Codice della strada, recepita la norma UE: sugli extraurbani obbligo anche per i passeggeri

Via libera al provvedimento: cinture di sicurezza obbligatorie anche sui Tir, sugli autobus, taxi e auto da noleggio con conducenteCinture di sicurezza obbligatorie anche sui Tir, sugli autobus,...

29 Marzo 2006 - 06:03

Via libera al provvedimento: cinture di sicurezza obbligatorie anche sui Tir, sugli autobus, taxi e auto da noleggio con conducente

Cinture di sicurezza obbligatorie anche sui Tir, sugli autobus, taxi e auto da noleggio con conducente.

Il Consiglio dei ministri del 23 febbraio scorso ha dato il via libera definitivo al decreto legislativo di recepimento di una direttiva comunitaria, già esaminato e approvato dalle commissioni parlamentari (“Attuazione della direttiva 2003/20/Ce che modifica la direttiva 91/671/Cee relativa all'uso obbligatorio delle cinture di sicurezza e dei sistemi di ritenuta per bambini nei veicoli. Modifiche al Codice della strada”).

Il provvedimento, che entrerà in vigore il giorno successivo alla data di pubblicazione in Gazzetta ufficiale e comunque non oltre il 9 maggio come stabilito dalla norma comunitaria, modifica l'articolo 172 del Codice della strada, allargando le categorie di veicoli sottoposte all'obbligo, rivedendo le esenzioni e introducendo novità per l'informazione a bordo e le sanzioni.

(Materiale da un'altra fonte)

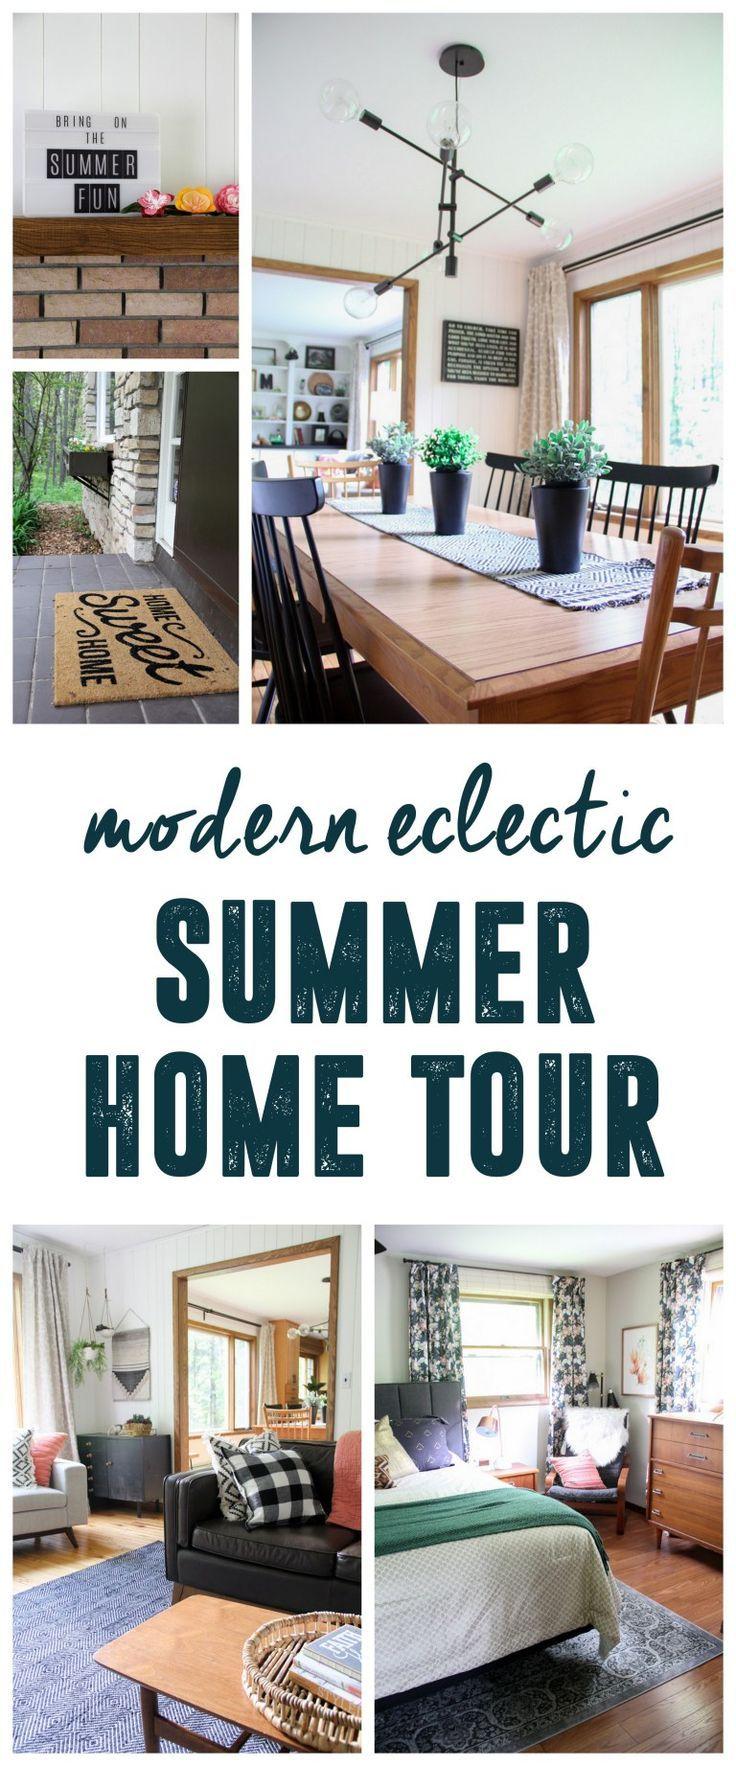 Modern Eclectic Summer Home Tour www.BrightGreenDo...

Obbligo esteso ai pesanti.
Non solo il conducente, come avveniva finora, ma tutti gli occupanti dei veicoli M2 e N1, ovvero minibus da otto posti e veicoli commerciali di massa inferiore alle 3,5 tonnellate dovranno allacciare le cinture già presenti a bordo. Obbligo tutto nuovo per i mezzi più pesanti, ovvero le categorie merci N2 e N3, dalle 3,5 tonnellate in su, e per i bus M3 (massa superiore alle 5 tonnellate), ovvero corriere e autobus, con una distinzione però tra bus in servizio urbano, dove l'obbligo concerne solo il conducente, e quelli extraurbani sui quali tutti i passeggeri sono tenuti ad allacciare le cinture di sicurezza. Su questi veicoli, i bambini di età inferiore ai tre anni devono essere assicurati con sistemi di ritenuta adeguati,omologati secondo le procedure del ministero delle Infrastrutture. Eliminate anche le esenzioni per i tassisti e i conducenti in servizio pubblico di piazza (noleggio con conducente) che dovranno indossare la cintura anche nei centri urbani.

Esenzioni.
Rimangono esonerati dall'obbligo le forze dell'ordine in servizi di emergenza e istituzionali, i conducenti e gli addetti all'antincendio e a servizi sanitari. Il personale di scorta, istruttori di guida,persone affette da patologie particolari, donne in stato di gravidanza.

Informazioni a bordo.
Il comma 7 dell'art. 1 prevede che sugli autobus M2 e M3 i passeggeri ” devono essere informati dell'obbligo di utilizzare le cinture di sicurezza, quando sono seduti e il veicolo è in movimento,mediante cartelli o pittogrammi,(….) apposti in modo ben visibile su ogni sedile.

Sanzioni.
Una multa da 68 a 275 euro per il mancato uso della cintura, oltre a 5 punti di patente se il trasgressore è il conducente. Se la violazione riguarda un minorenne , il conducente risponde della sanzione pecuniaria. Mentre scatta la sospensione della patente da 15 giorni a 2 mesi se il conducente cade due volte in un anno in questa infrazione.